Harnessing Sparsification in Federated Learning: A Secure, Efficient, and Differentially Private Realization
Shuangqing Xu 1, Yifeng Zheng 2, Zhongyun Hua 1
Published on arXiv
2511.07123
Model Inversion Attack
OWASP ML Top 10 — ML03
Key Finding
Clover achieves utility comparable to vanilla FL with central DP while reducing inter-server communication by orders of magnitude over ORAM, with malicious-server security adding only 2.67× communication overhead over the semi-honest variant
Clover
Novel technique introduced
Federated learning (FL) enables multiple clients to jointly train a model by sharing only gradient updates for aggregation instead of raw data. Due to the transmission of very high-dimensional gradient updates from many clients, FL is known to suffer from a communication bottleneck.
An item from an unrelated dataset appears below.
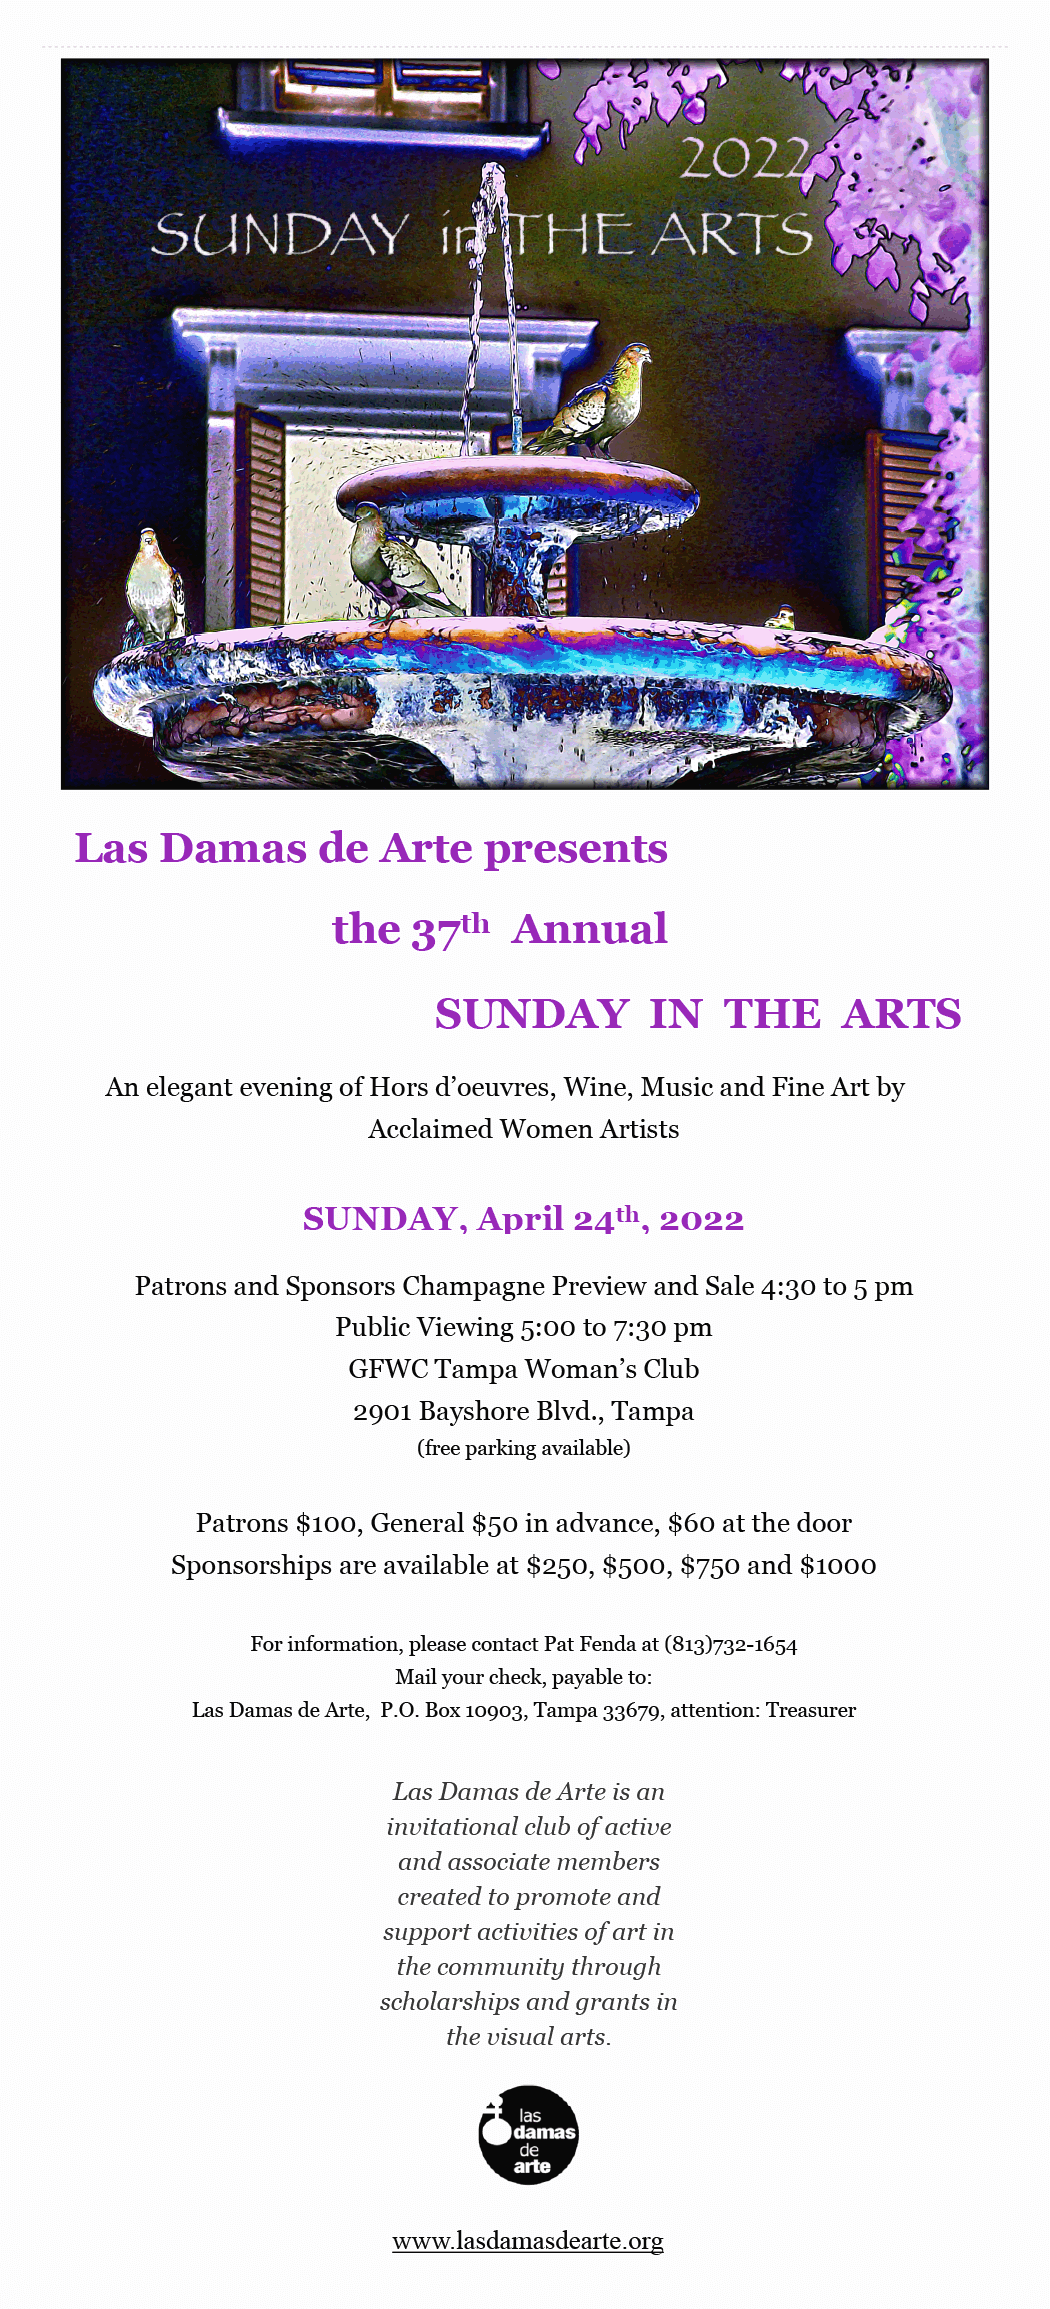 Las Damas de Arte presents the 37th Annual SUNDAY IN THE ARTS

Meanwhile, the gradients shared by clients as well as the trained model may also be exploited for inferring private local datasets, making privacy still a critical concern in FL. We present Clover, a novel system framework for communication-efficient, secure, and differentially private FL. To tackle the communication bottleneck in FL, Clover follows a standard and commonly used approach-top-k gradient sparsification, where each client sparsifies its gradient update such that only k largest gradients (measured by magnitude) are preserved for aggregation. Clover provides a tailored mechanism built out of a trending distributed trust setting involving three servers, which allows to efficiently aggregate multiple sparse vectors (top-k sparsified gradient updates) into a dense vector while hiding the values and indices of non-zero elements in each sparse vector. This mechanism outperforms a baseline built on the general distributed ORAM technique by several orders of magnitude in server-side communication and runtime, with also smaller client communication cost. We further integrate this mechanism with a lightweight distributed noise generation mechanism to offer differential privacy (DP) guarantees on the trained model. To harden Clover with security against a malicious server, we devise a series of lightweight mechanisms for integrity checks on the server-side computation. Extensive experiments show that Clover can achieve utility comparable to vanilla FL with central DP, with promising performance.
Key Contributions
- Novel secure sparse vector aggregation mechanism for top-k sparsified gradients in a three-server distributed trust setting, outperforming ORAM-based baseline by orders of magnitude in communication and runtime
- Integration with a lightweight distributed noise generation mechanism providing differential privacy guarantees on the aggregated model
- Lightweight integrity check mechanisms hardening the system against malicious servers with only modest overhead (2.67× inter-server communication, 3.67× server runtime vs. semi-honest counterpart)
🛡️ Threat Analysis
Clover's core motivation and design is preventing an adversarial server from reconstructing clients' private training data from shared gradient updates; the secure aggregation mechanism hides both gradient values and indices to thwart gradient inversion attacks (explicitly citing ZhuLH19-style threats), matching the guideline that FL secure aggregation defending against gradient leakage qualifies as ML03.